The Z.TEST function in Excel performs the appropriate test depending on whether or not you supply the standard deviation. =Z.TEST(sample_range, mean[,stdev]). The function returns a p-value, indicating the probability of randomly observing a sample mean at least as far from the population mean as the one you have.
The T-test is based on the T-distribution whereas a Z test relies on the assumption of a normal distribution. Excel has in-built tools for the various types of T-test, including two-sample assuming equal variances and two-sample assuming unequal variances.
There are a variety of different types of T and Z test, the most basic being a one sample one tailed test. A one sample test only looks at a single sample of the data to compare against the sample mean but you could use multiple samples. A one tailed test can only provide a p-value either testing whether the sample mean is significantly higher or testing whether it is significantly lower than the hypothesised mean, however a two tailed test checks both ways.
One-tailed vs Two-tailed tests
If you are only specifically looking for one alternative hypothesis, then a one-tailed significance testing is sufficient. However sometimes you have two possible alternative hypotheses. For example, you might be testing how paying for extra golf sessions affects a golfer’s performance. The null hypothesis is the sessions make no difference, an alternative hypothesis is that they improve performance but there could also be another alternative hypothesis that they worsen performance. It is important to make the correct decision whether your significance test needs to be one or two tailed.

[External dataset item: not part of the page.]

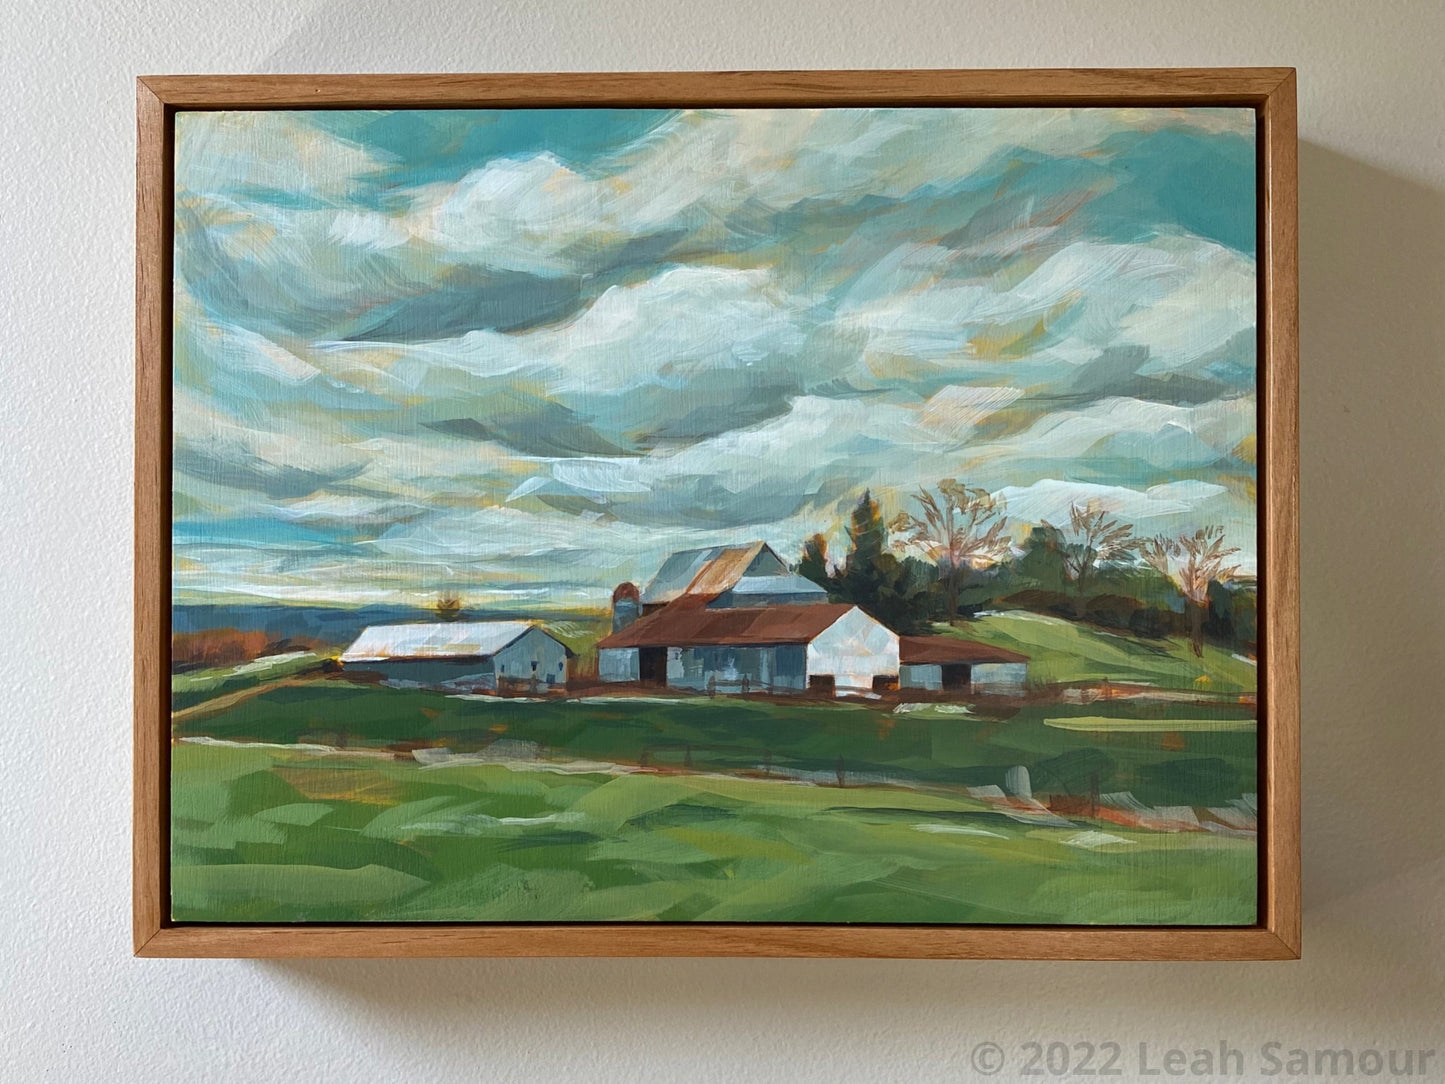 9x12 original framed art for sale featuring a Barn On The Way To Beach Acrylic Painting Wood Panel

We usually want a two tailed test looking for significance regardless of the direction and whether it matches our intuition. For example, if measuring whether a new initiative has increased productivity we shouldn’t rule out that it may have had the opposite effect.
The p-value is a function of the observed sample results used for testing a statistical hypothesis. Prior to the test being performed an agreed threshold for the probability value (p-value) should be chosen, which is known as the significance level and will usually be somewhere between 1 and 5%. The results can be measured against the significance level to provide evidence for or against the null hypothesis.
The p-value returns the probability of getting the same result if the null hypothesis is true and the results were actually due to random chance. So what we’re actually testing is if the null was true, what chance is there you would get this result.
As a general rule a p-value of 0.05 (5%) or less is deemed to be statistically significant.
Whilst a p-value is useful in establishing significance, it is often more informative to calculate a confidence interval to understand the precision of the result. The p-value may tell you to reject the null hypothesis however a confidence interval could also calculate to a 95% threshold and tell you to reject the null hypothesis but also offer the additional information of a range of values the result is probably between.
P-hacking, also known as data dredging, is the process of findings patterns in data which can enable a test to be deemed statistically significance when in reality there is no significant underlying effect.
Type I and Type II errors
A Type I error is the rejection of a true null hypothesis, therefore finding an incorrect significance with a false positive.
A Type II error is the failure to reject a false null hypothesis, therefore failing to define a true significance with a false negative.
When you set a rigorous threshold for your p-value, such as 0.01 you stand more risk of a Type II error, or with a threshold that’s too relaxed with a low significance level you risk a Type I error. This is why choosing an appropriate p-value is so critical. If for example, you set a relaxed 0.1 threshold in court then 1 in every 10 defendants found guilty would actually be innocent.
The Chi-Squared statistic is a means of testing for independence with categorical data, rather than numeric. E.g. to test whether eye colour and gender illustrate a significant difference from independence (in other words, whether or not there is a relationship between the two variables).
CHISQ.INV is the Excel function to test using this statistic.
Statistical power measures the extent to which you can reject the null hypothesis and is a very important calculation to support the validity of your research project.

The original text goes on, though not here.